BEGIN PROVIDED DATA

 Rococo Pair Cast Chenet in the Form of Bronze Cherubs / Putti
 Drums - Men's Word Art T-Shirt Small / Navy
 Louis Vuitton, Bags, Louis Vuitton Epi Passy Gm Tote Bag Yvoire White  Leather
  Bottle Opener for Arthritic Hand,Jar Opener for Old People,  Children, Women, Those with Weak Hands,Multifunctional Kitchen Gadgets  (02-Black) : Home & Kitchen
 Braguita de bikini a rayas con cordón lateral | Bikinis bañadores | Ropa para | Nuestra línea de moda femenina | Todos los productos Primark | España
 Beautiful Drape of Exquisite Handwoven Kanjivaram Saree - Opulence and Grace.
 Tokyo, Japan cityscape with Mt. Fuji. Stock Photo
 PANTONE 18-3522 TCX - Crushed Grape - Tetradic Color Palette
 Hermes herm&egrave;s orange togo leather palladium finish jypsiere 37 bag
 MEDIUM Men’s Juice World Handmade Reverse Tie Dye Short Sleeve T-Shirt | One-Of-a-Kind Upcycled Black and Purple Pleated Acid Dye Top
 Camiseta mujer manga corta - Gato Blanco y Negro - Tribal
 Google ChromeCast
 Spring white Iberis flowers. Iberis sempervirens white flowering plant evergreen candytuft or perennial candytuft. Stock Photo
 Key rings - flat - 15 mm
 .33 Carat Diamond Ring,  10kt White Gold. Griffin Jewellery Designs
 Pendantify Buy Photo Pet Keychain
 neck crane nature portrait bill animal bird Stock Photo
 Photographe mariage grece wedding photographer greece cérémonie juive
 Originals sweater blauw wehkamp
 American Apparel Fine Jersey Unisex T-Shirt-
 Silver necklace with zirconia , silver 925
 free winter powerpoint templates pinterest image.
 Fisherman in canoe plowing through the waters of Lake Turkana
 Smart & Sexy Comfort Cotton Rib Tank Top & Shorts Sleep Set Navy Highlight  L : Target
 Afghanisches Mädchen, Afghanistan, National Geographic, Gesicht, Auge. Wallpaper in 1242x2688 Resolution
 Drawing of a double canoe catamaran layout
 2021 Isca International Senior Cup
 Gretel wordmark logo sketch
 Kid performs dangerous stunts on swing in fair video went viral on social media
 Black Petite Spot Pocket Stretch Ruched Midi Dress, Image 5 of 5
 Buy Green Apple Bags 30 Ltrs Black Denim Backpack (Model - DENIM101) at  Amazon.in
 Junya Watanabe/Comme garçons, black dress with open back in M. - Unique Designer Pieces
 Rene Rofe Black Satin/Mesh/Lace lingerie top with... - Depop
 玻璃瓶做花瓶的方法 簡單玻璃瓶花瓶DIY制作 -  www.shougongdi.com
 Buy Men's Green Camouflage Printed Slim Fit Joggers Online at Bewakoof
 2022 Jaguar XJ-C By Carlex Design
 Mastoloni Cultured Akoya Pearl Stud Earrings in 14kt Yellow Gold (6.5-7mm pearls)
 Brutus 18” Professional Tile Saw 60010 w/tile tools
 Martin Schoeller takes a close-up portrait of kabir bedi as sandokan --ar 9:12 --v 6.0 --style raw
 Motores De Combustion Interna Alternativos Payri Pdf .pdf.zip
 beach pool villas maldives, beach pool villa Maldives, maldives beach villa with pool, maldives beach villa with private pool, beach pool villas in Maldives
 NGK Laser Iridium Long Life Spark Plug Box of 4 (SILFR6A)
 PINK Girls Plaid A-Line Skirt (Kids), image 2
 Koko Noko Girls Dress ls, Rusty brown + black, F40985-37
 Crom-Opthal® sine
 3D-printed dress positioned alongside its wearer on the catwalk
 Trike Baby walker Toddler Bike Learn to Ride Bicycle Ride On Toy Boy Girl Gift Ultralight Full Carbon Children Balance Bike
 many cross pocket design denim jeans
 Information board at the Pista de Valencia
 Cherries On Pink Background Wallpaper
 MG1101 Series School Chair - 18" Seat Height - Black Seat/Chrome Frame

END PROVIDED DATA

Say, as a bare number, how many lines of the data hold the string "with".

■ TASK RESULT ■
6